Saccopharynx lavenbergi
- Conservation status: Least Concern (IUCN 3.1)

Scientific classification
- Kingdom: Animalia
- Phylum: Chordata
- Class: Actinopterygii
- Order: Anguilliformes
- Family: Saccopharyngidae
- Genus: Saccopharynx
- Species: S. lavenbergi
- Binomial name: Saccopharynx lavenbergi Nielsen & Bertelsen, 1985

= Saccopharynx lavenbergi =

- Authority: Nielsen & Bertelsen, 1985
- Conservation status: LC

Species of fish

Saccopharynx lavenbergi is a species of gulper eel, also known as the whiptail gulper. This fish is known for its large mouth and long whiplike tail. This species is not commonly found in the wild, with fewer than twenty sightings over 30 years of ROV operation by MBARI. Even though it has rarely been sighted, this gulper eel was chosen to be the logo for MBARI.

==Distribution==
Saccopharynx lavenbergi occurs in the eastern Pacific Ocean.

==Description==
The species is very similar to others in the genus Saccopharynx, featuring large mouths and long slender bodies. It is typically dark in color and has small eyes. This is probably because at the depths these eels dwell, there is little to no light from the sun. They also feature a bioluminescent organ at the tips of their long tails, the function of which is currently unknown.

==Ecology==
It occurs at depths of 2000–3000 m. It has been hypothesized that the large mouth of the eel allows it to swallow prey much larger than itself.
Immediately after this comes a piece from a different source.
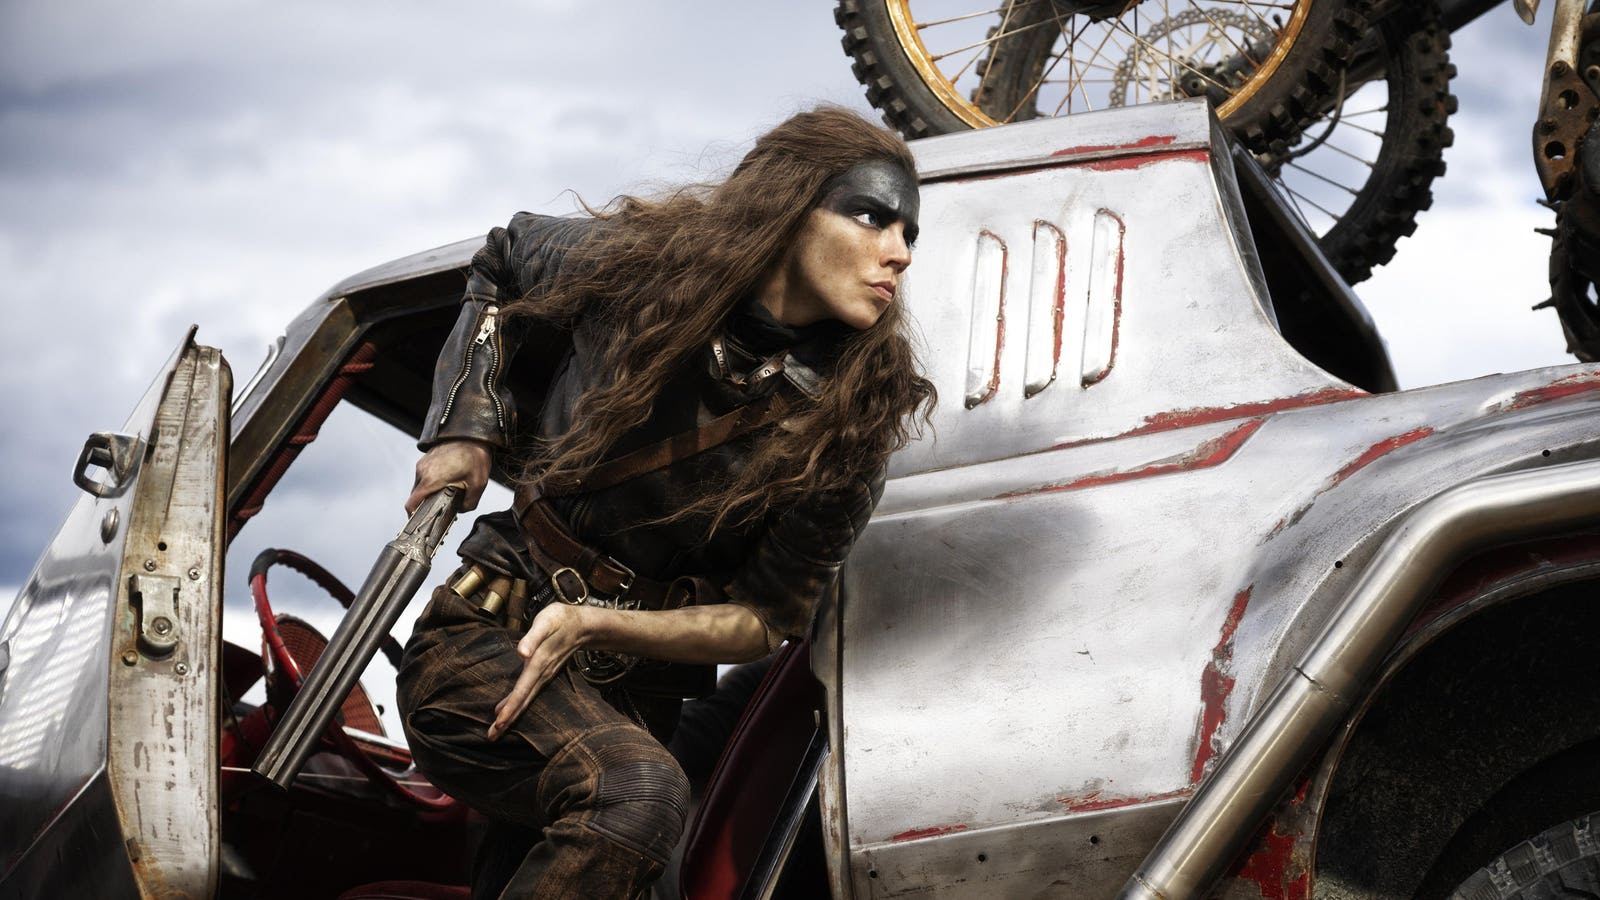 ‘Furiosa’ Edges ‘Garfield’ With $32 Million At Memorial Day Weekend Box Office
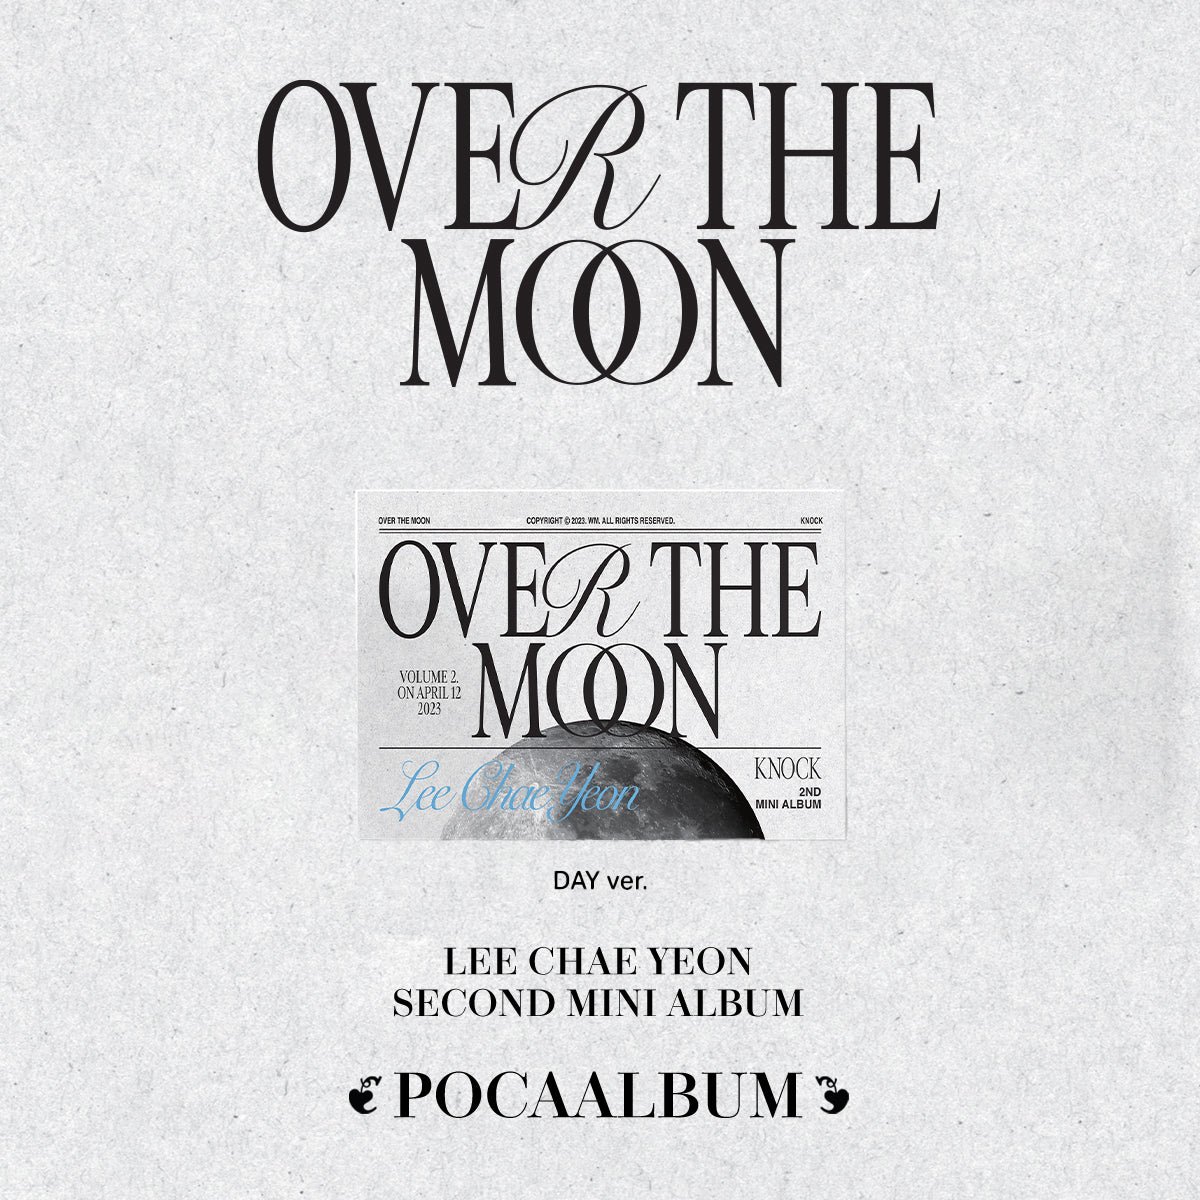 LEE CHAEYEON 2ND MINI ALBUM 'OVER THE MOON' (POCA) DAY VERSION COVER

While no specimens have been observed mating in the wild, observations of dead specimens have led scientists to believe that this species dies after mating, much like freshwater eels.

== Taxonomy and phylogeny ==
In 2003, researchers from the University of Tokyo sequenced mitochondrial DNA (mtDNA) from specimens of Eurypharynx pelicanoides and Saccopharynx lavenbergi. After comparing the sequences from the specimens with other known sequences, they found that Eurypharynx pelicanoides and Saccopharynx lavenbergi were closely related and had mitochondrial genomes distinct from other Anguilliformes.